Metaphase chromosome analysis from cultured blood lymphocytes were investigated in 5,866 tests at Songklanagarind Hospital from 1990 through 2007 (18 years). Elaboration of G-bands by trypsin using Giemsa (GTG) was routinely employed with other banding techniques if required. High resolution chromosome banding was performed in suspected cases of structural chromosome abnormality. Successful studies were obtained in 5,665 tests (96.4 %) and 1,680 tests (28.7 %) were found to have chromosomal abnormalities. The failure rate was 3.4 % (201 tests). Fifty duplicated tests were discarded of the 1680 abnormal results, leaving 1,630 cases with abnormal chromosomes. Of 1,630 cases, Down, Edwards, and Patau syndromes were found in 933 (57.2 %), 87 (5.3 %) and 80 (4.9 %) cases, respectively.
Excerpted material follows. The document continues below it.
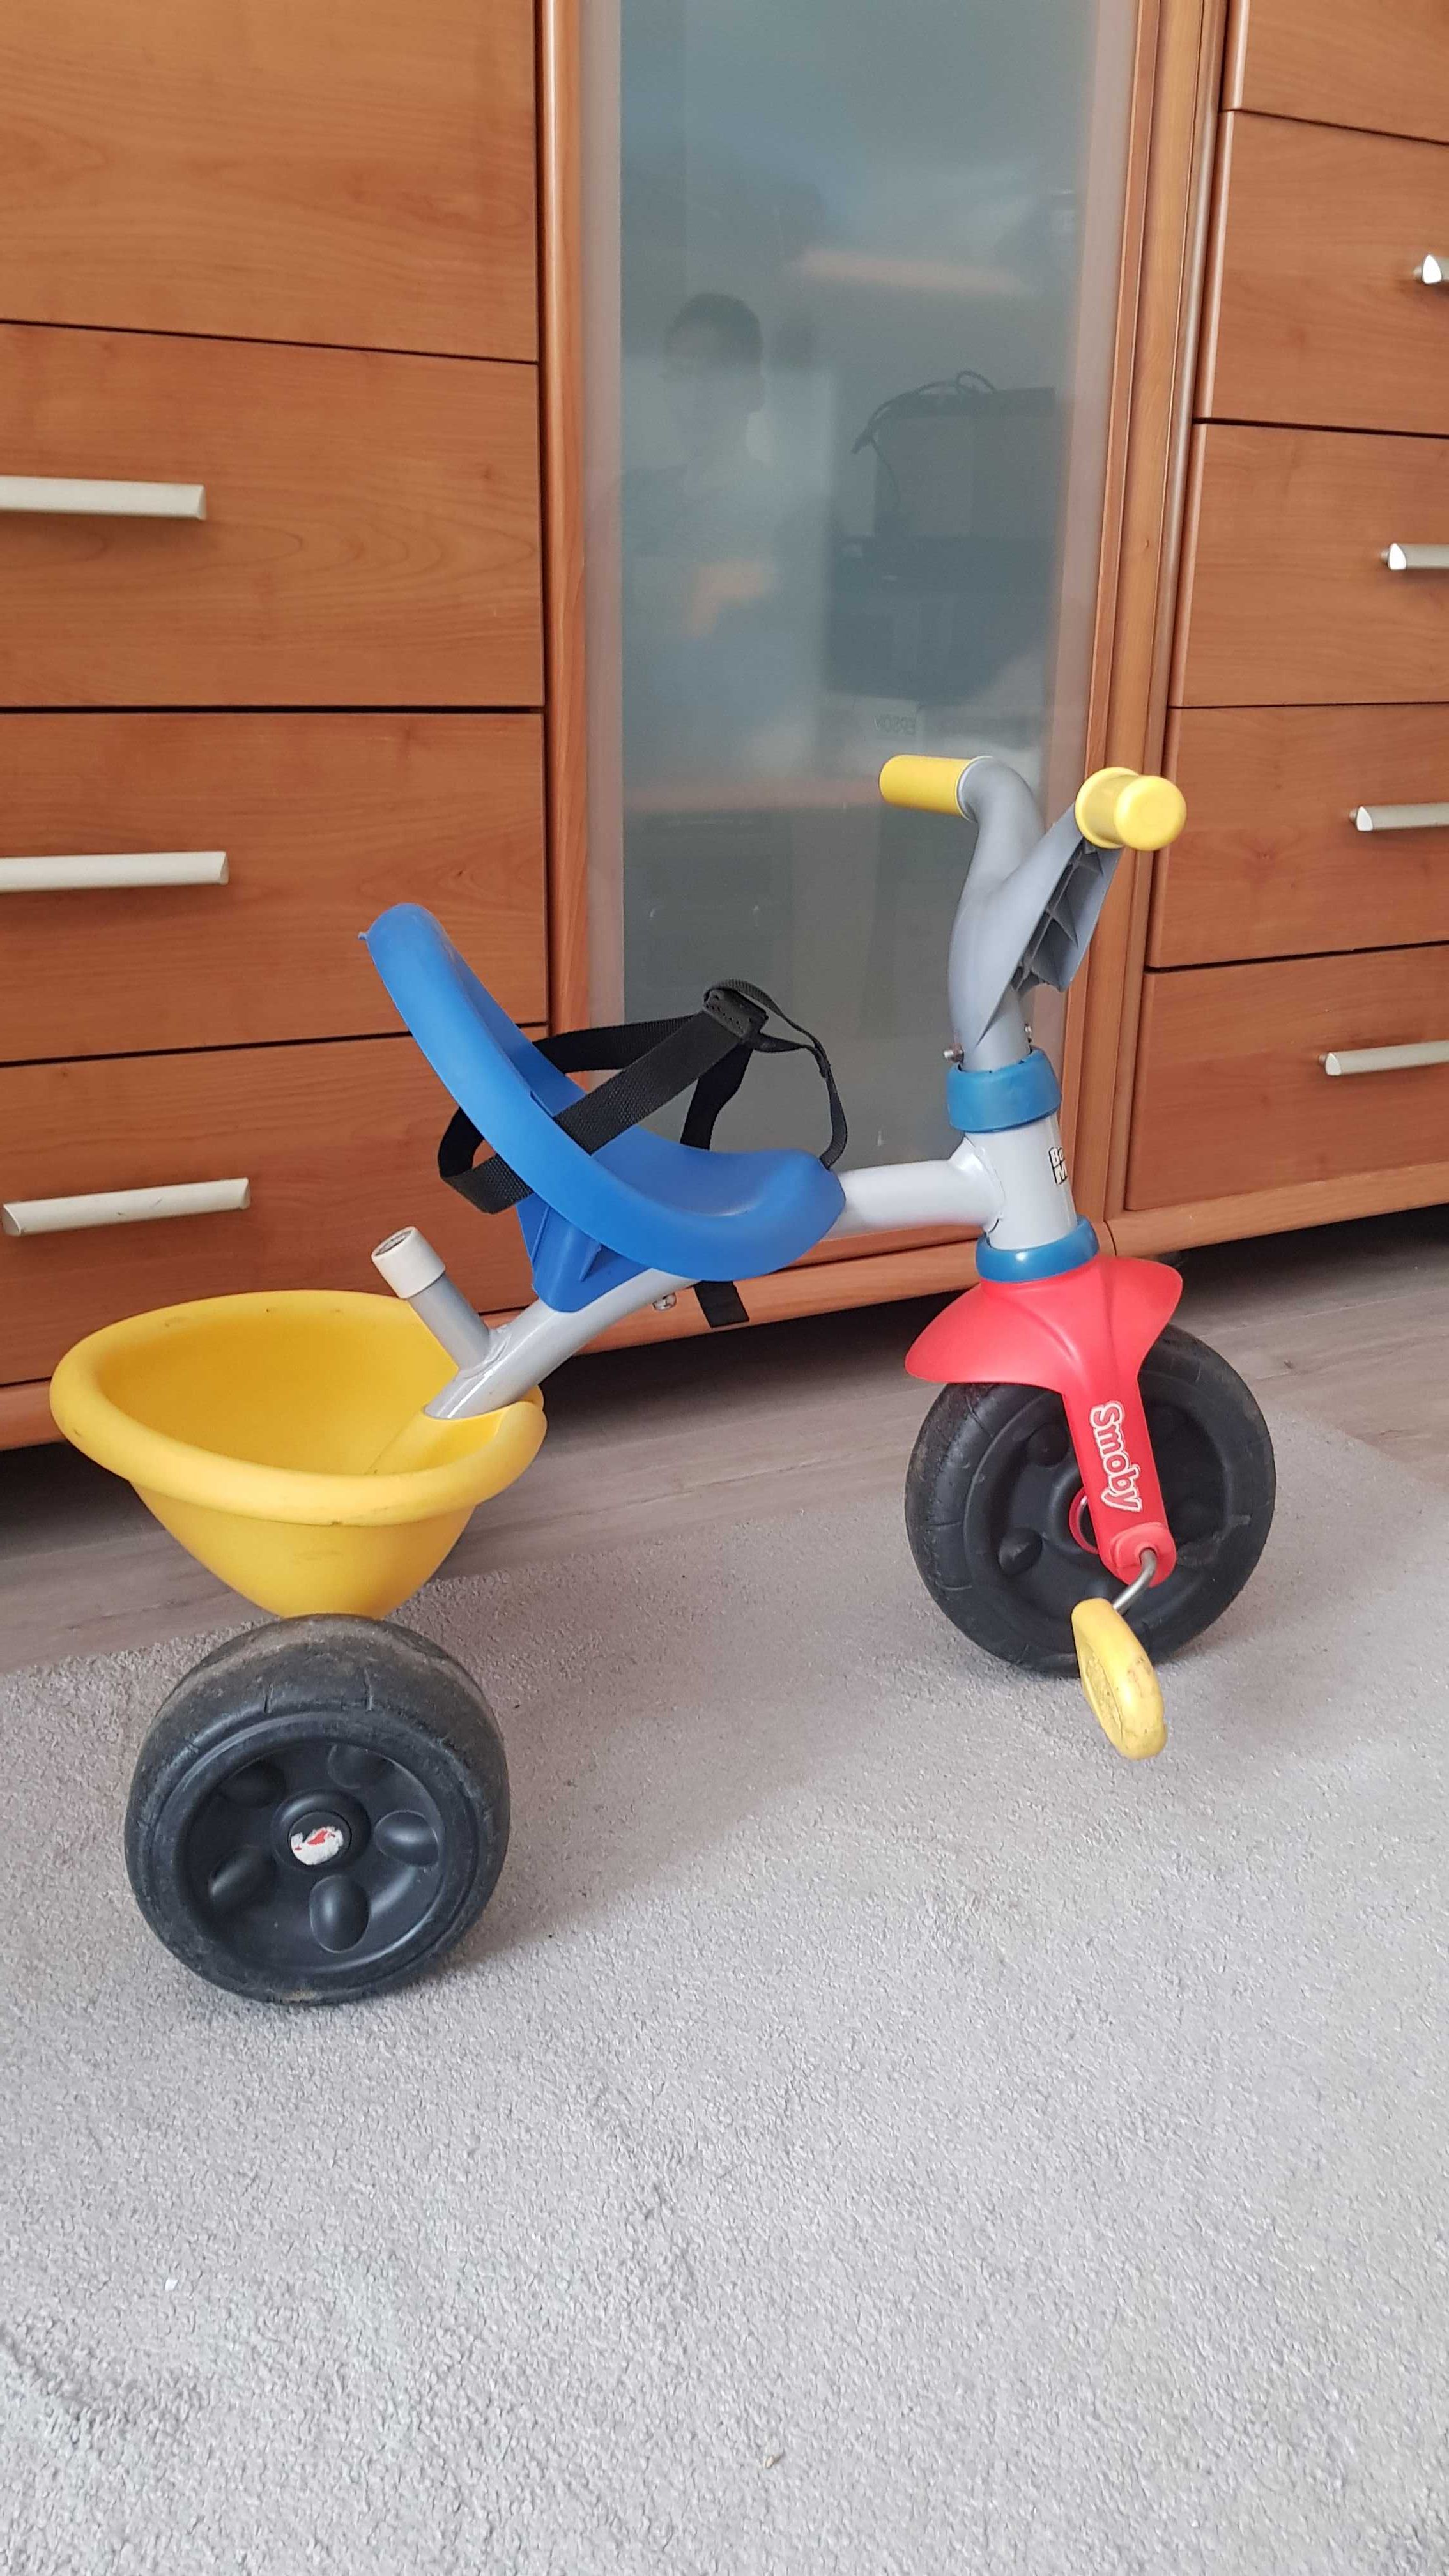 Rowerek dla najmłodszych dzieci

There were 215 cases with sex chromosome abnormalities (13.2 %), including 188 cases with Turner syndrome, 18 cases with Klinefelter syndrome, 6 cases with XXX syndrome and 3 cases with XYY syndrome. Androgen insensitivity syndrome (female with 46,XY) was found in 23 cases, and structural chromosome abnormalities were found in 222 cases (13.6 %). The remainder (70 cases/4.3 %) was composed of microdeletion, marker chromosome, fragile X syndrome and rare trisomy. To the best of our knowledge, this study is the largest group of chromosome analysis results reported from Thailand. These findings can be available to provide the database for genetic counseling.